▸ GIVEN INFORMATION
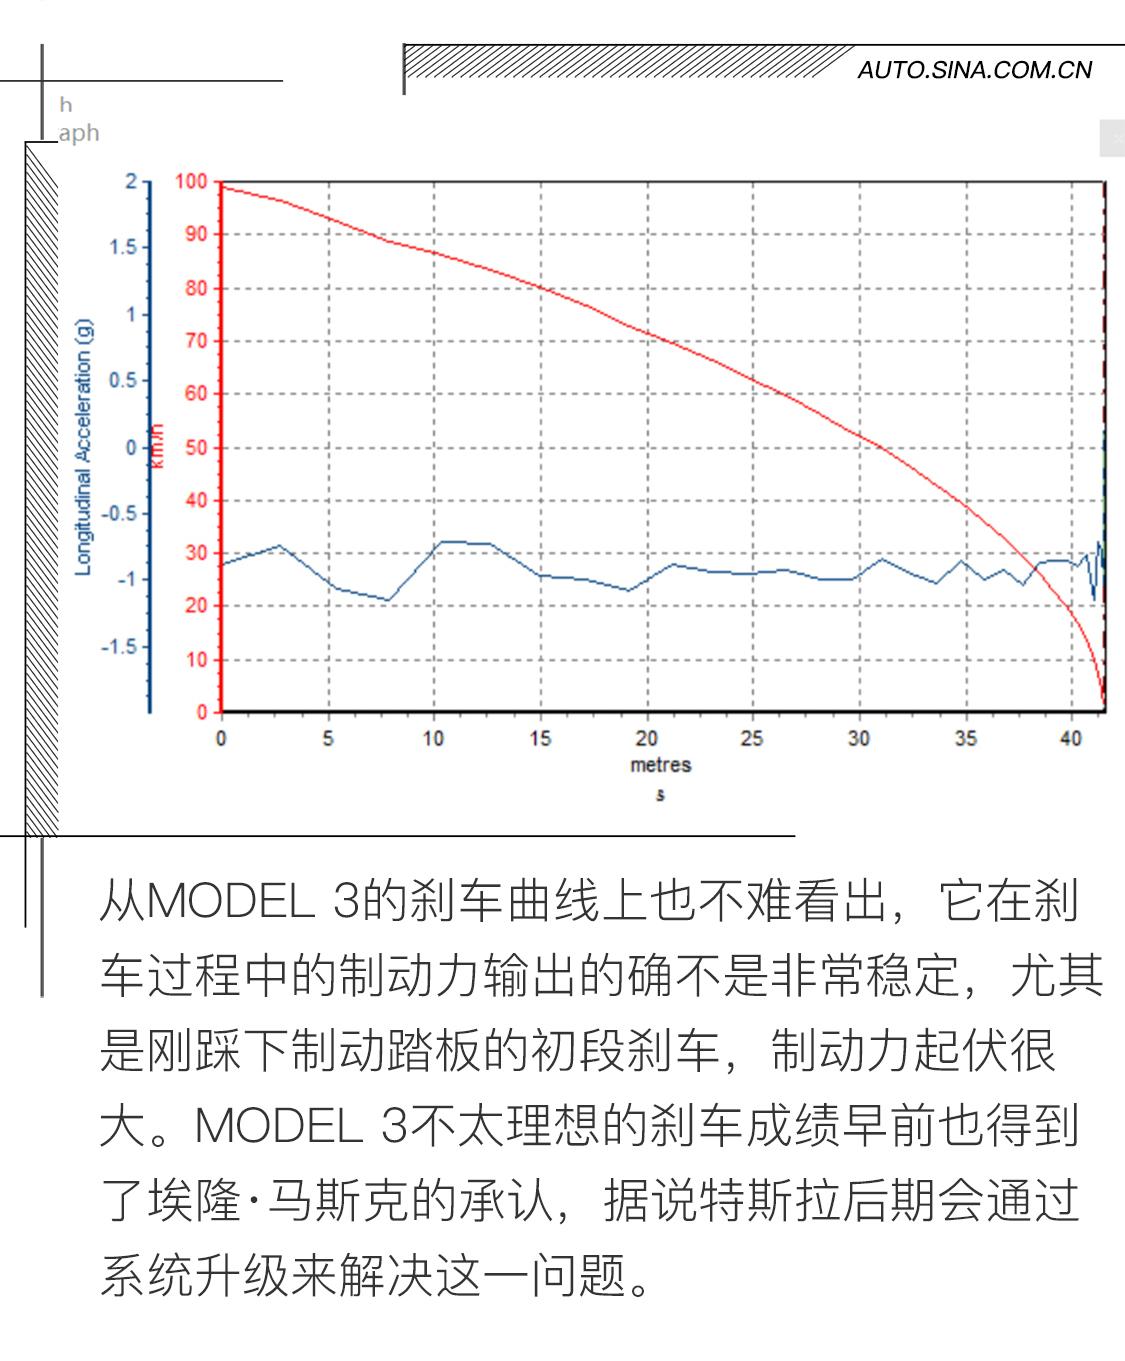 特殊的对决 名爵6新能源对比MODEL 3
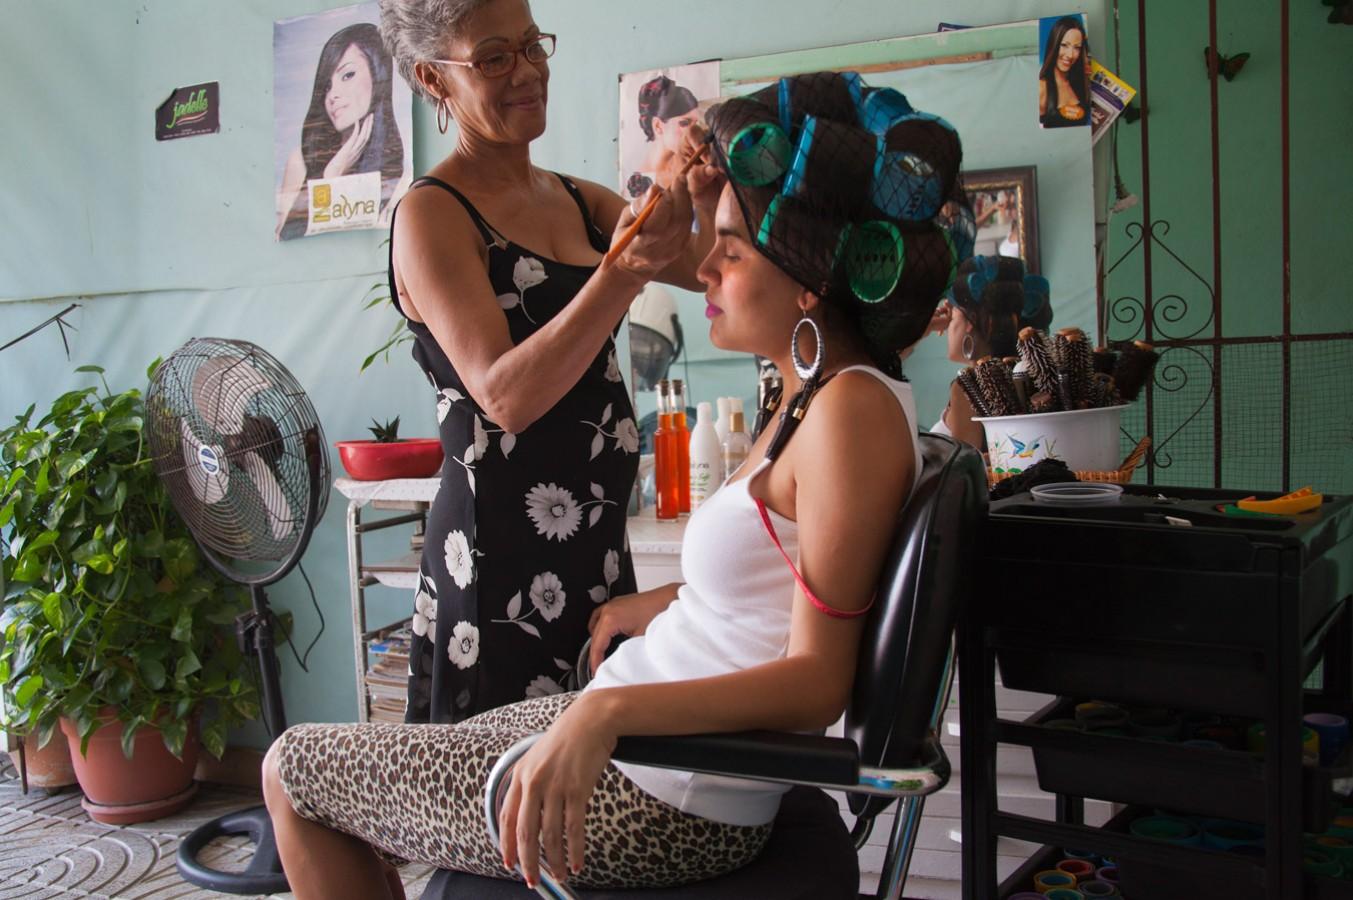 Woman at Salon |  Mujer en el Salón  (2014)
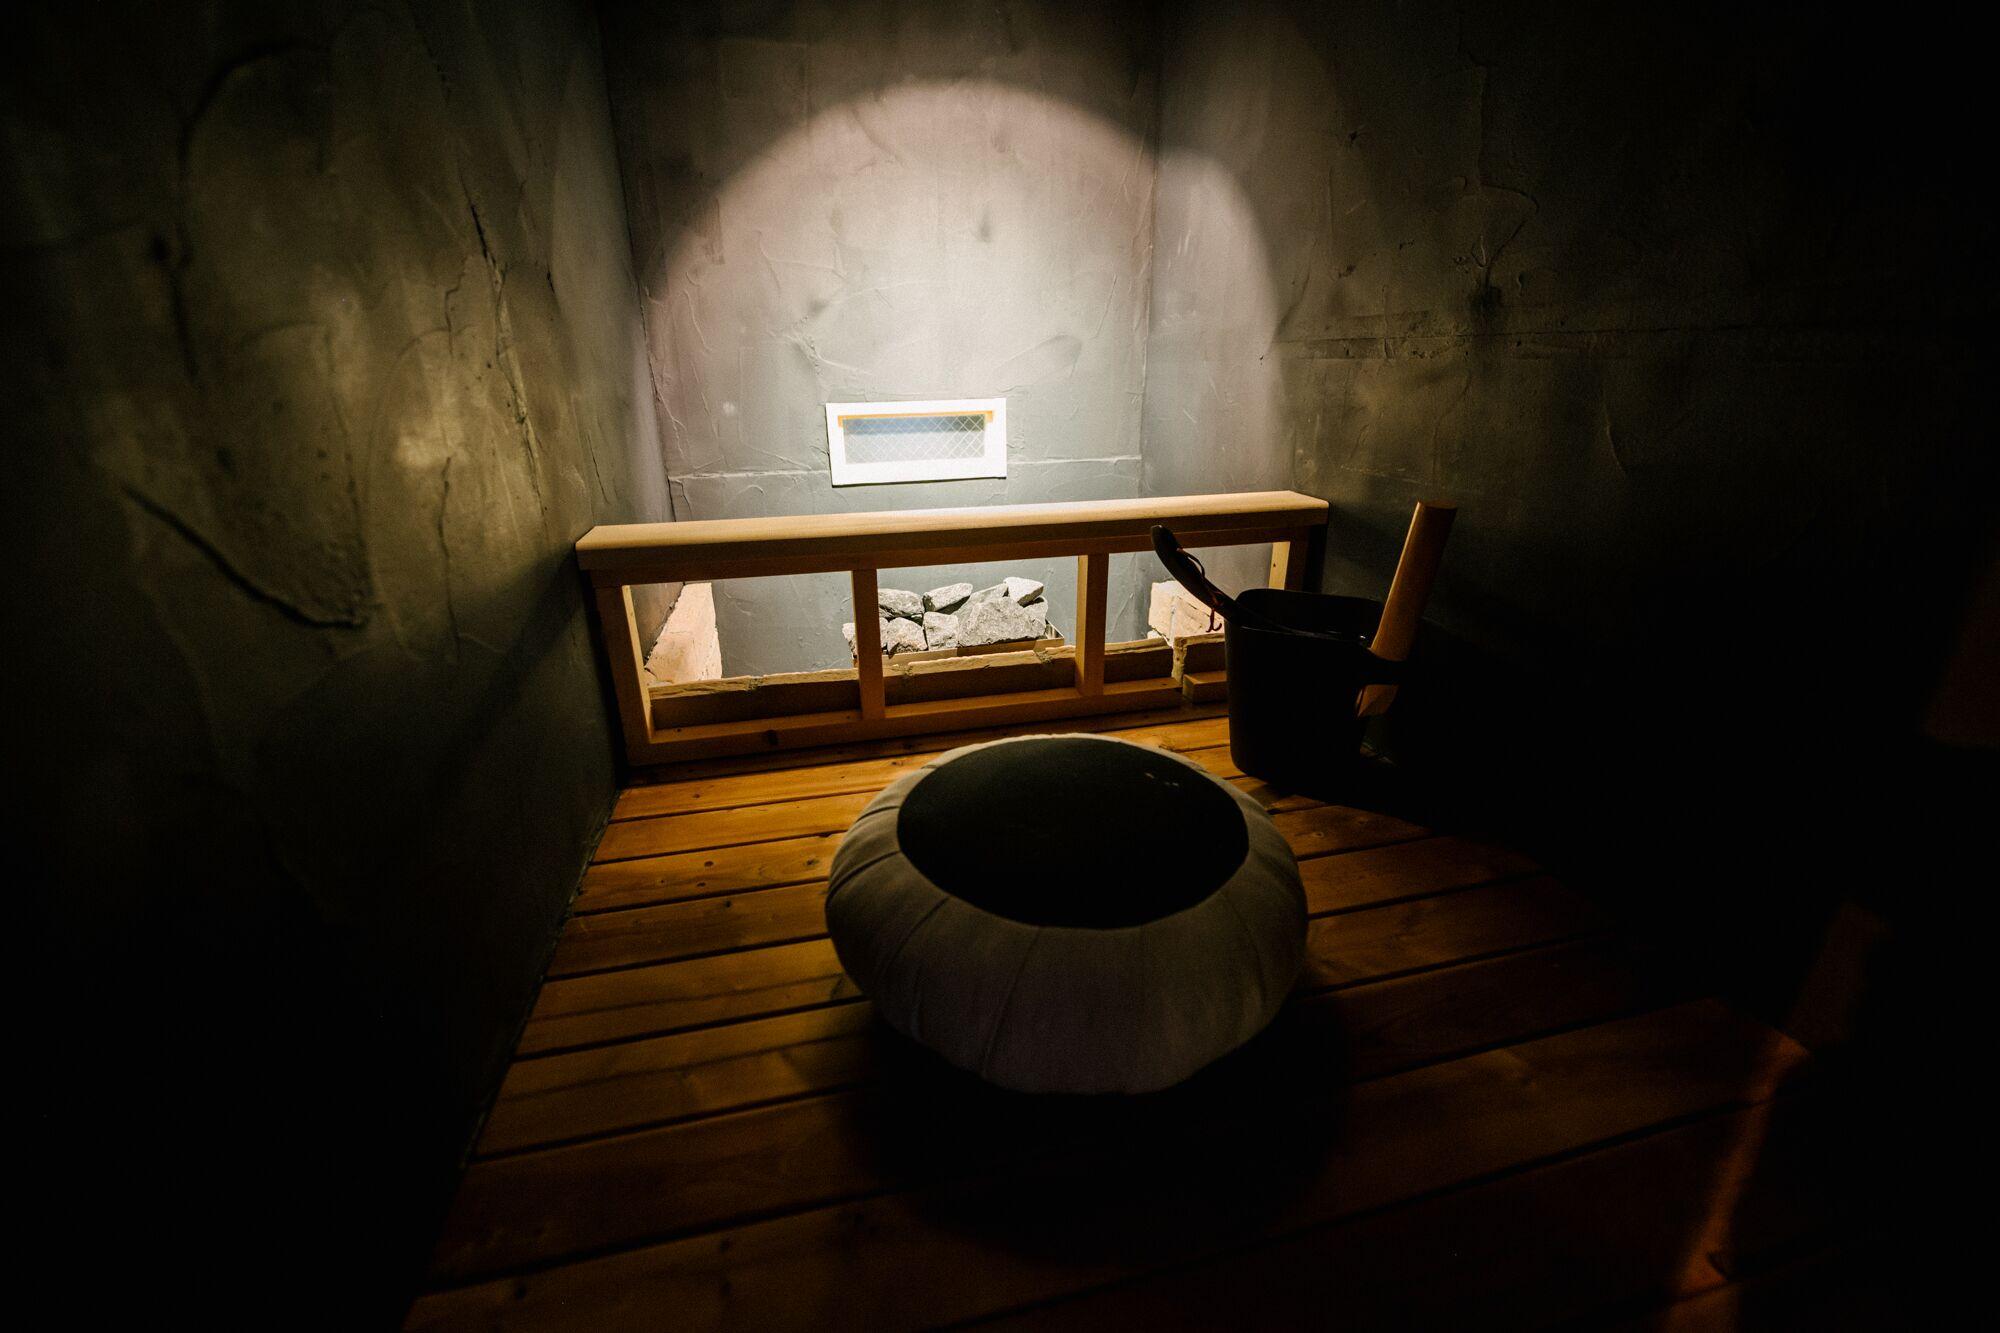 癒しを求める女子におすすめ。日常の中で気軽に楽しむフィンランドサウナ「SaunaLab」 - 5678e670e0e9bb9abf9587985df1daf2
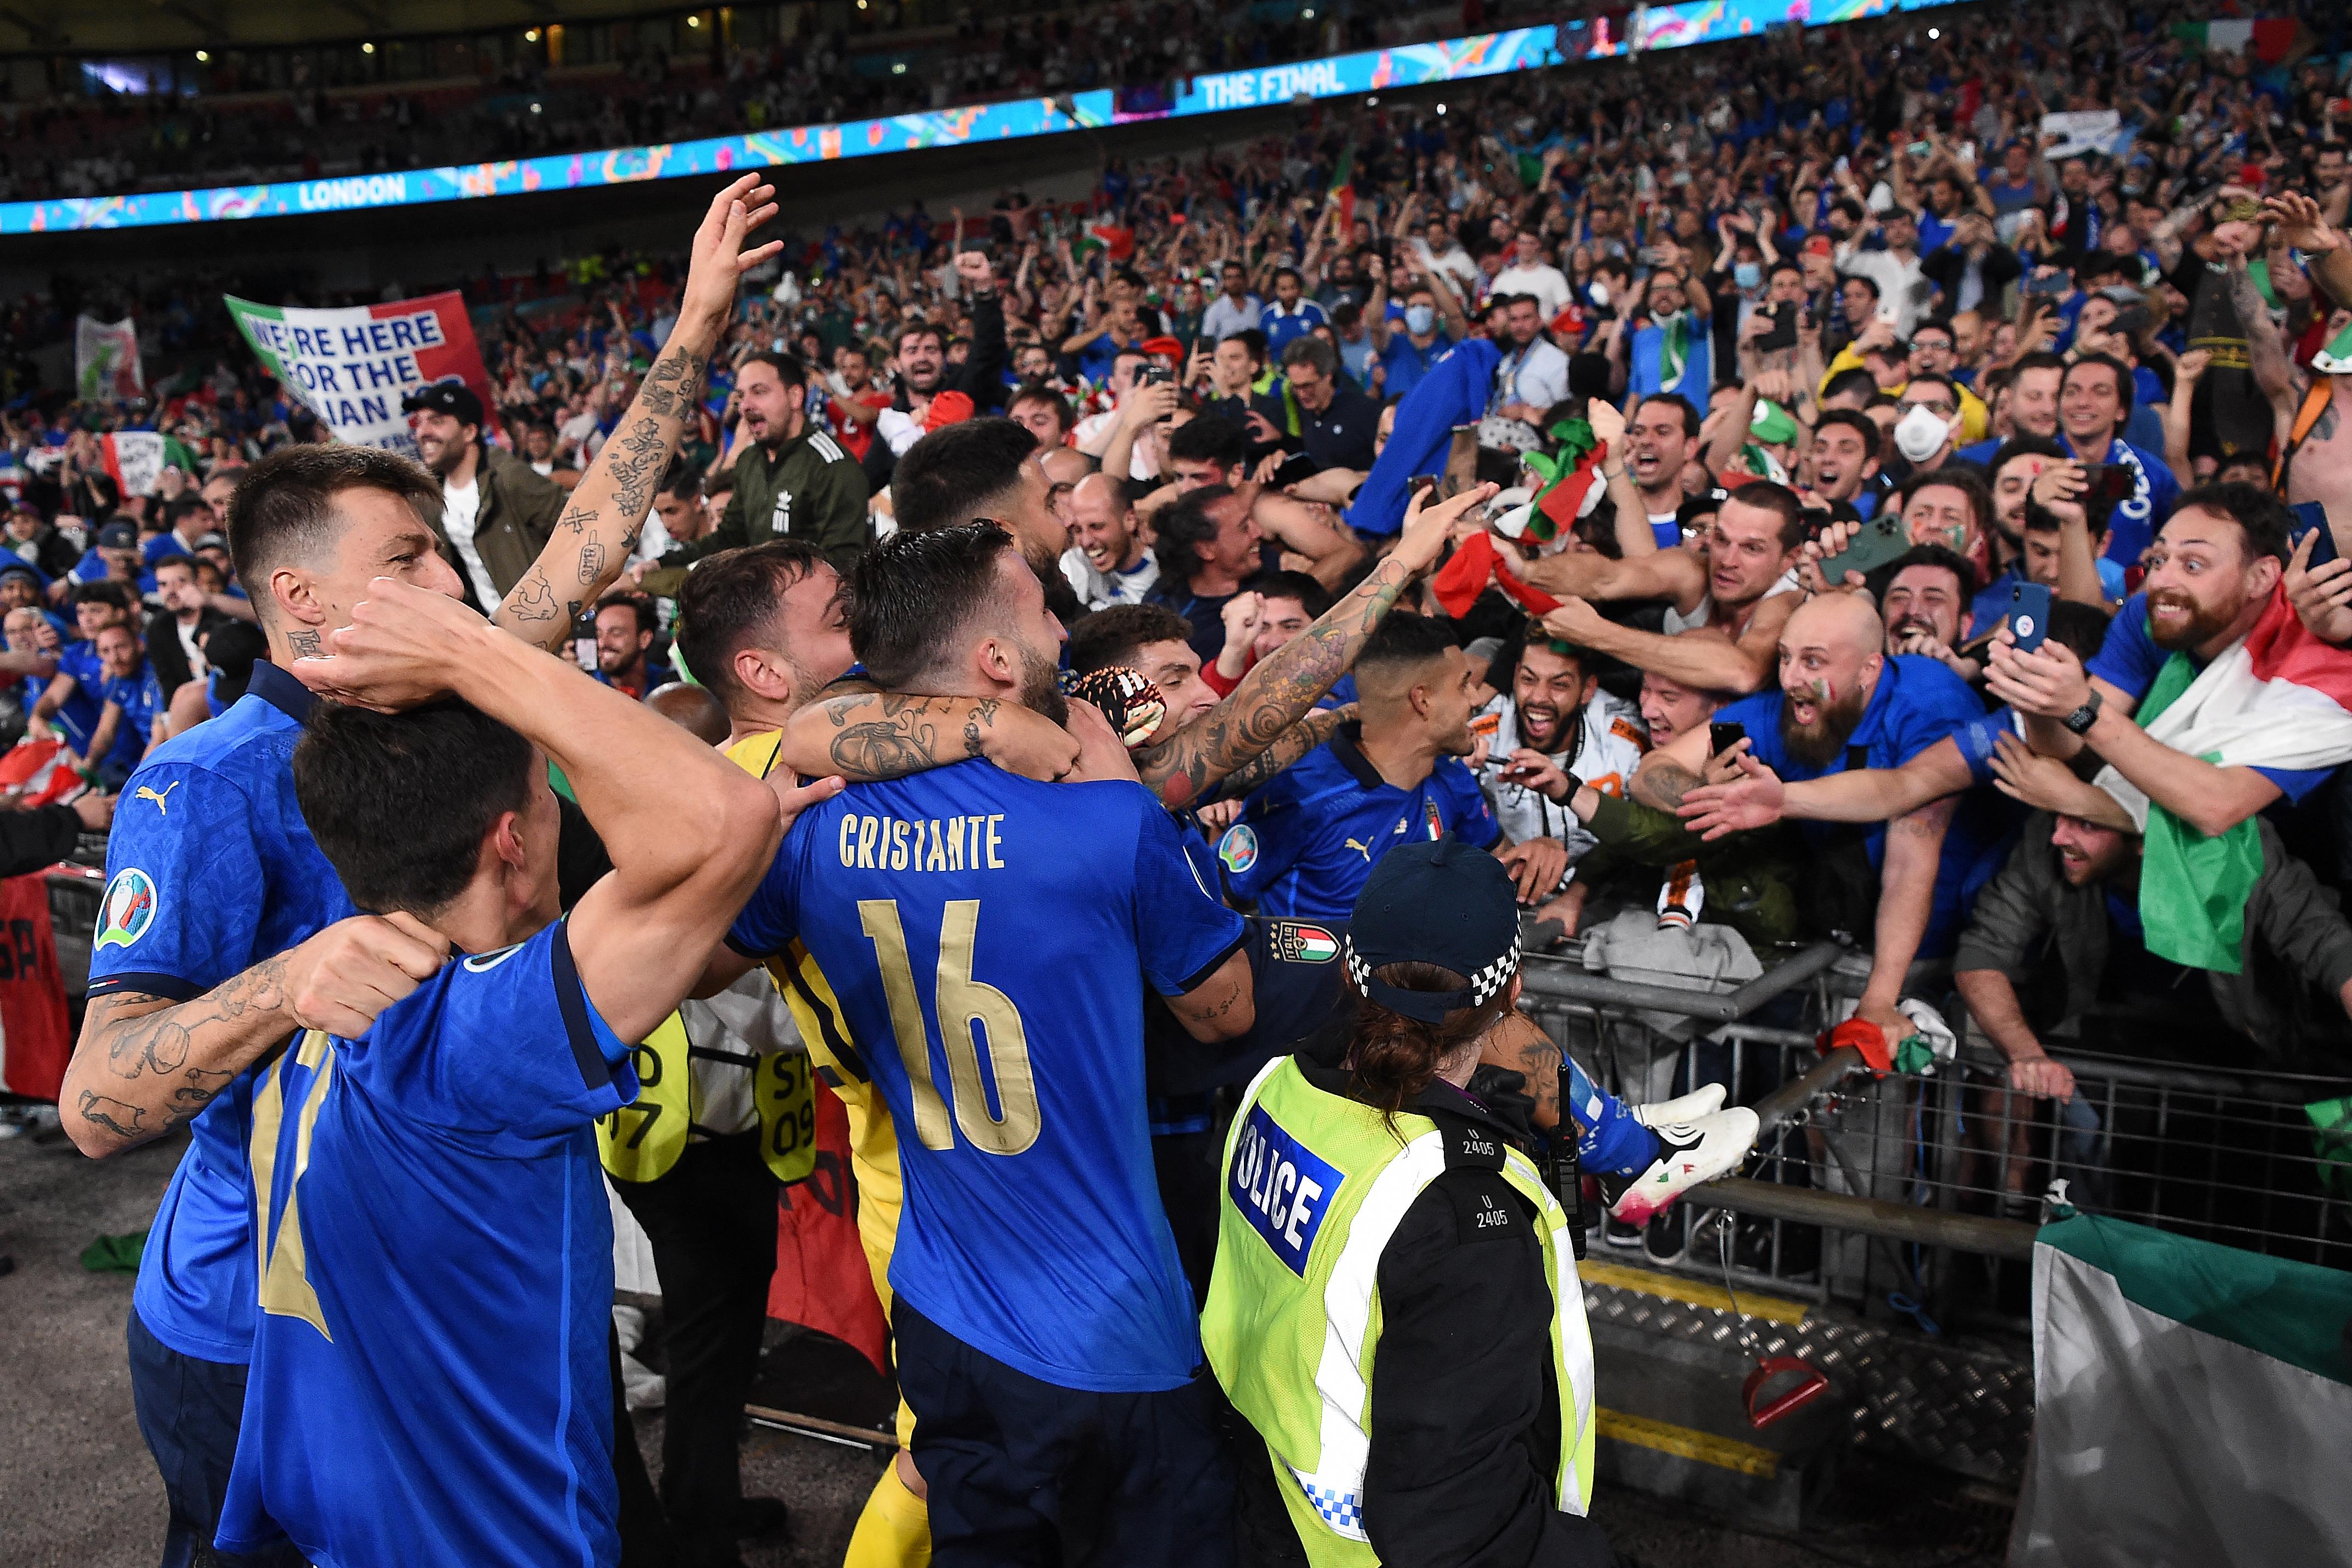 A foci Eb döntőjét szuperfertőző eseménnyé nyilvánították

▸ TASK OBJECTIVE
Would you write out all of the data exactly as it stands, without the pictures?

▸ RESULT OF THE TASK
 特殊的对决 名爵6新能源对比MODEL 3
 Woman at Salon |  Mujer en el Salón  (2014)
 癒しを求める女子におすすめ。日常の中で気軽に楽しむフィンランドサウナ「SaunaLab」 - 5678e670e0e9bb9abf9587985df1daf2
 A foci Eb döntőjét szuperfertőző eseménnyé nyilvánították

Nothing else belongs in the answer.